- _Listed records_
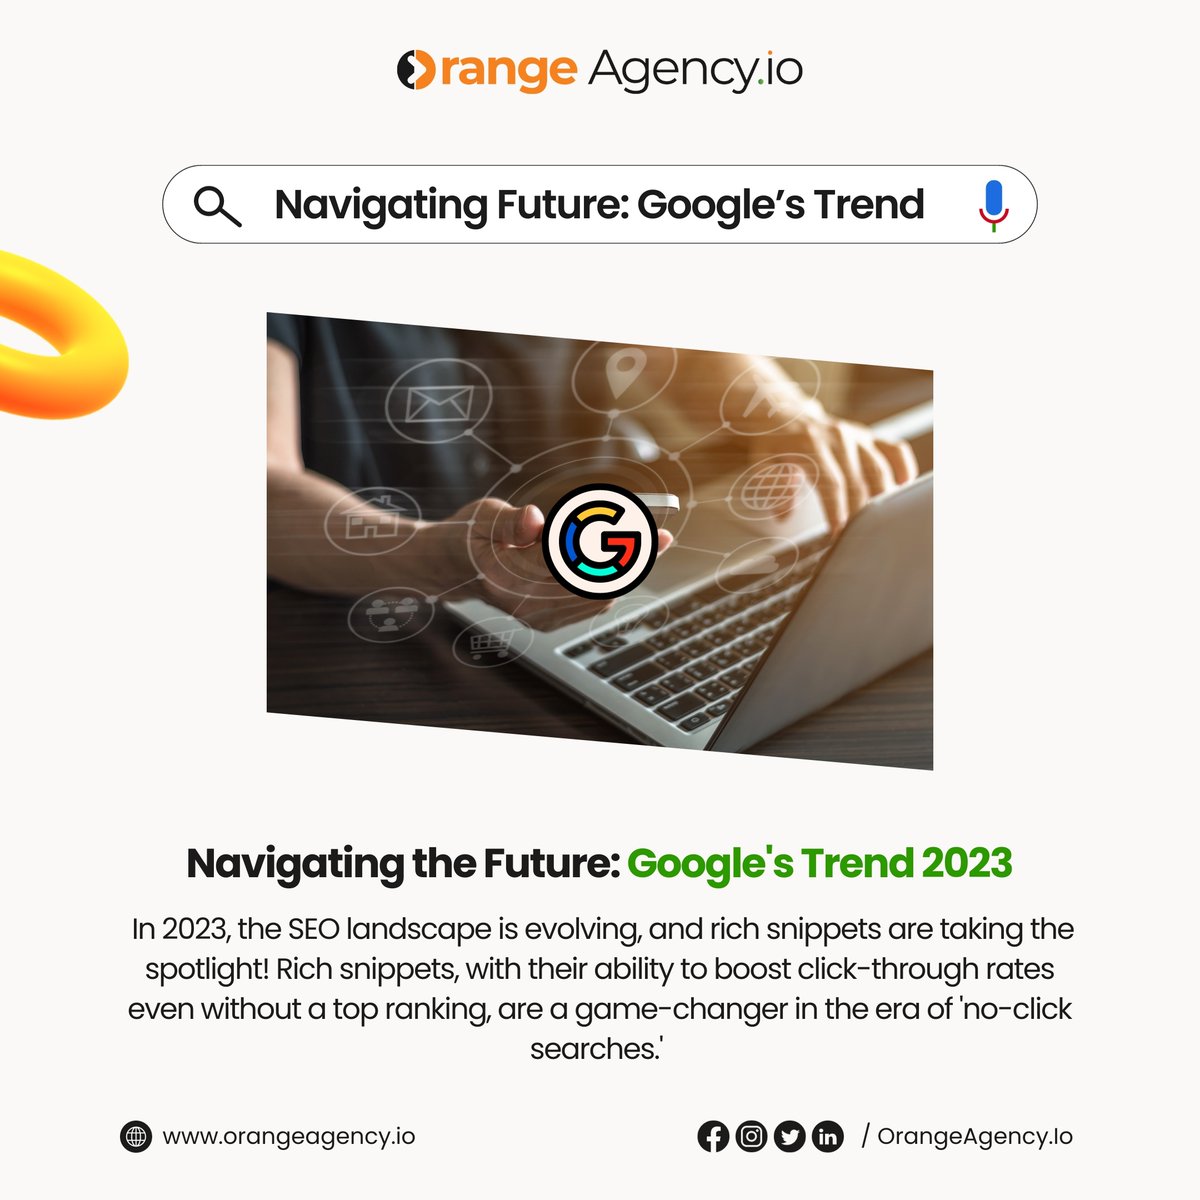 Navigating the Future: Google's Trend 2023.

Stay ahead, stay visible with orangeagency.io

#OrangeAgency #SEO2023 #GoogleTrends #RichSnippets #OrganicClicks #NoClickSearches #SEOStrategy #DigitalMarketing #SearchEngineOptimization #Niger #ElonMusk #Titanic #TheEqualizer3
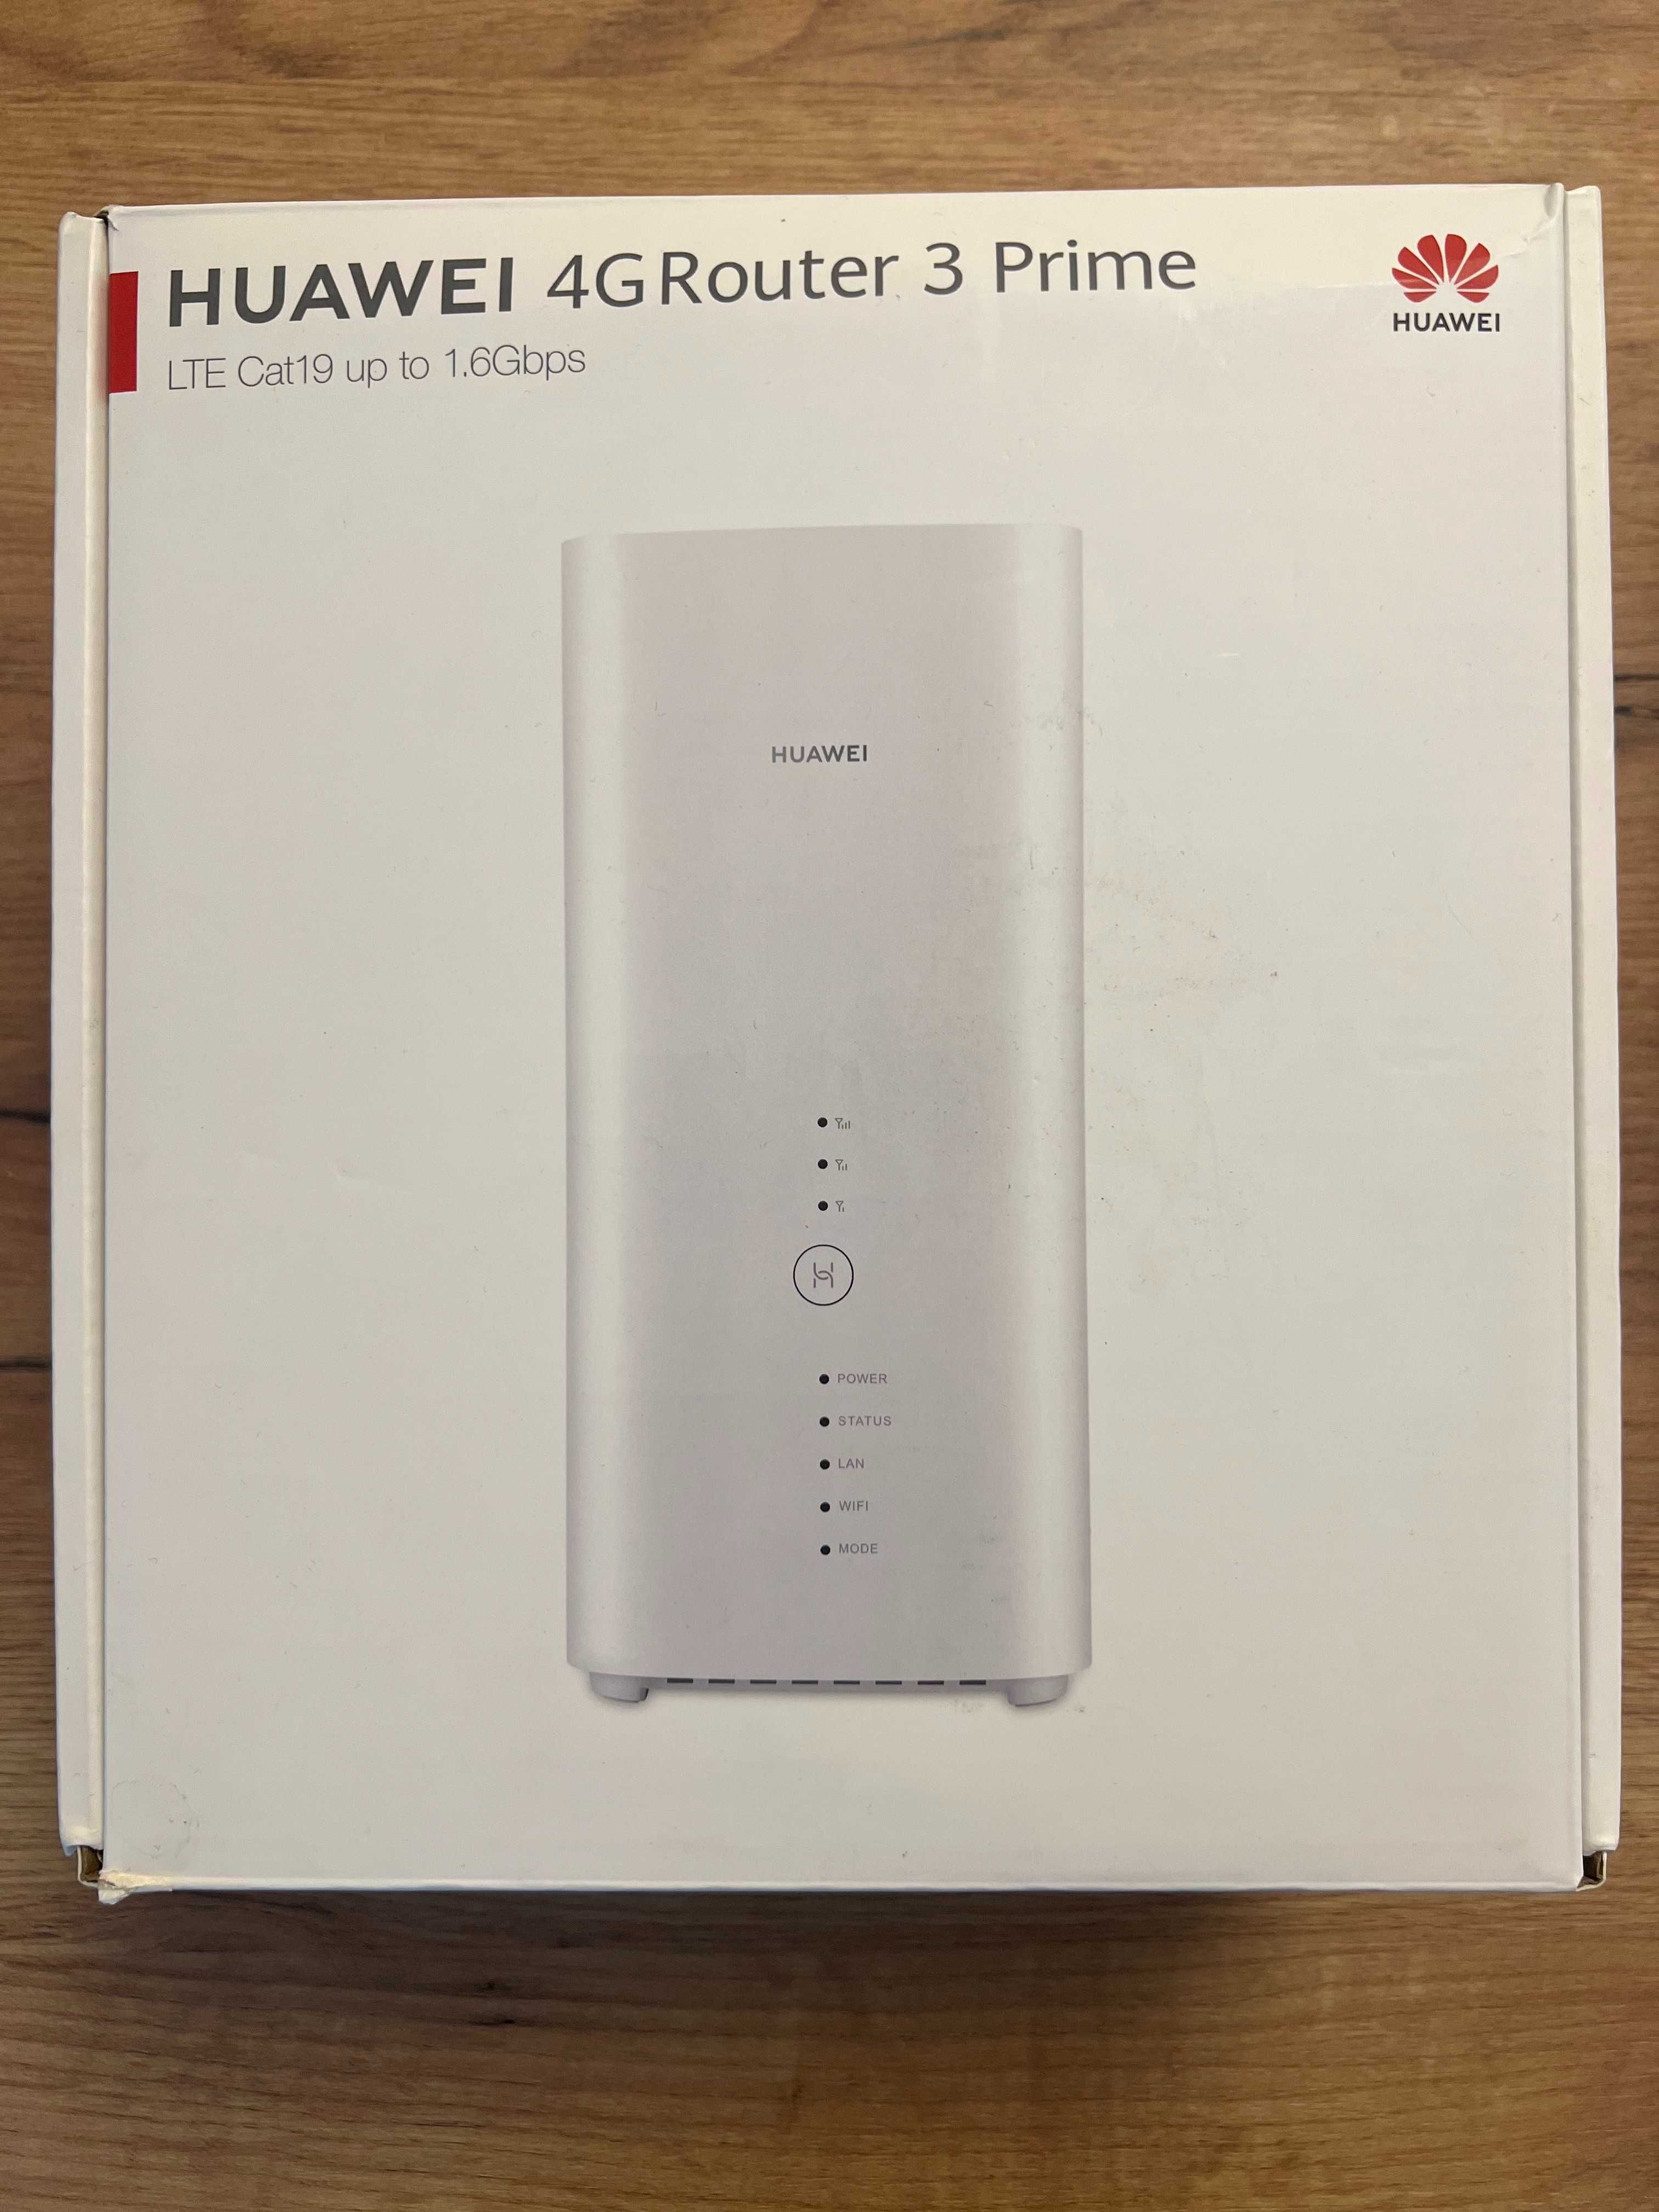 HUAWEI 4G Router
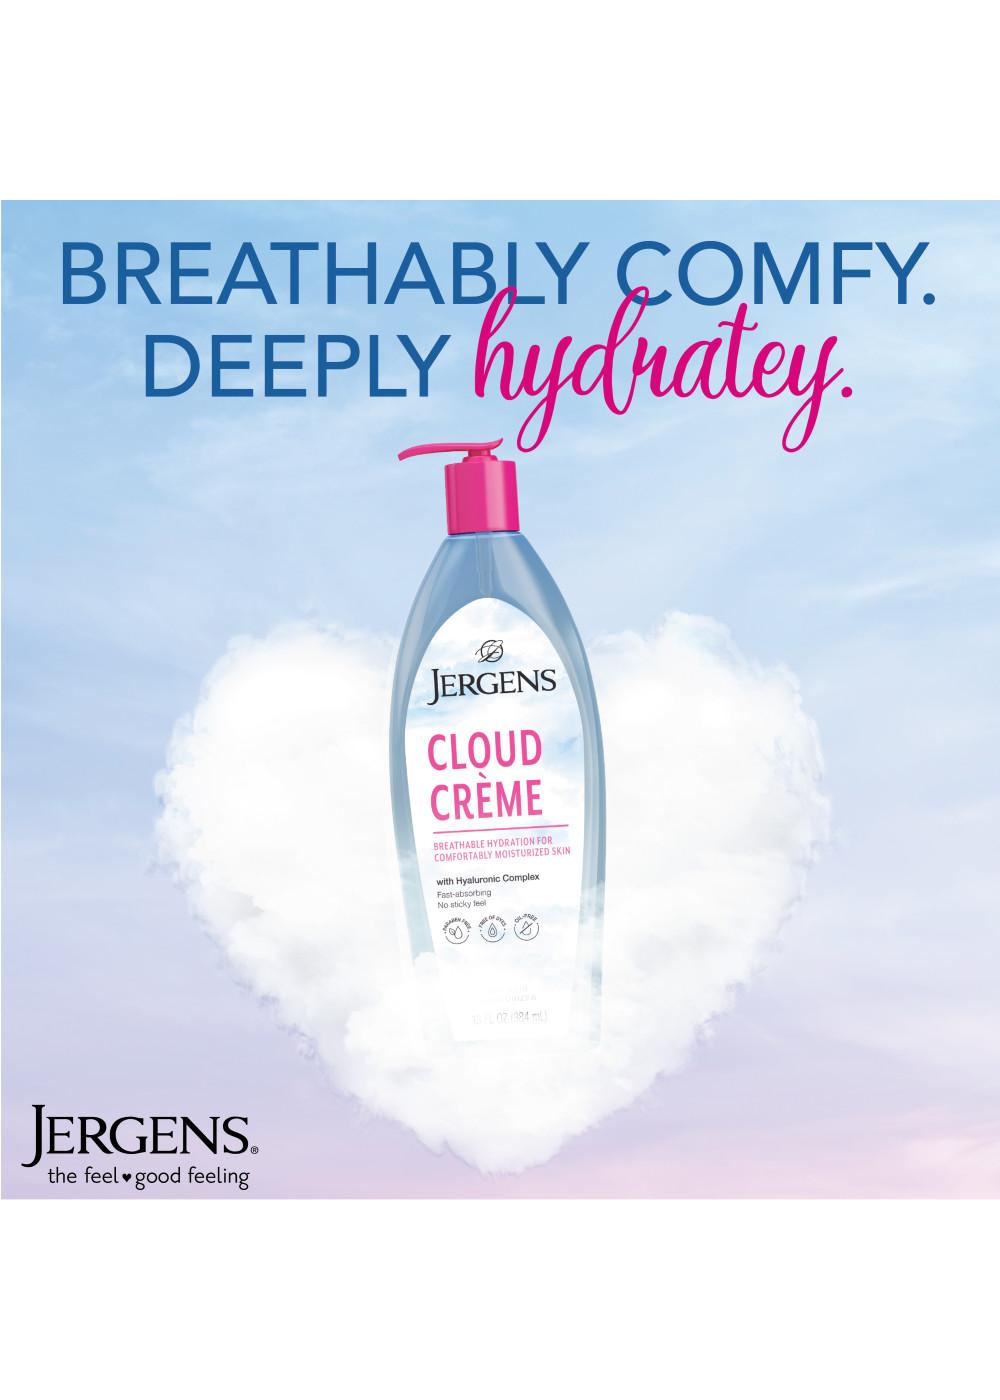 Jergens Cloud Creme Breathable Moisturizer; image 6 of 10

- _What needs to be done_
The result should be the listing above, restated exactly, with no pictures in it.

- _Response area_
 Navigating the Future: Google's Trend 2023.

Stay ahead, stay visible with orangeagency.io

#OrangeAgency #SEO2023 #GoogleTrends #RichSnippets #OrganicClicks #NoClickSearches #SEOStrategy #DigitalMarketing #SearchEngineOptimization #Niger #ElonMusk #Titanic #TheEqualizer3
 HUAWEI 4G Router
 Jergens Cloud Creme Breathable Moisturizer; image 6 of 10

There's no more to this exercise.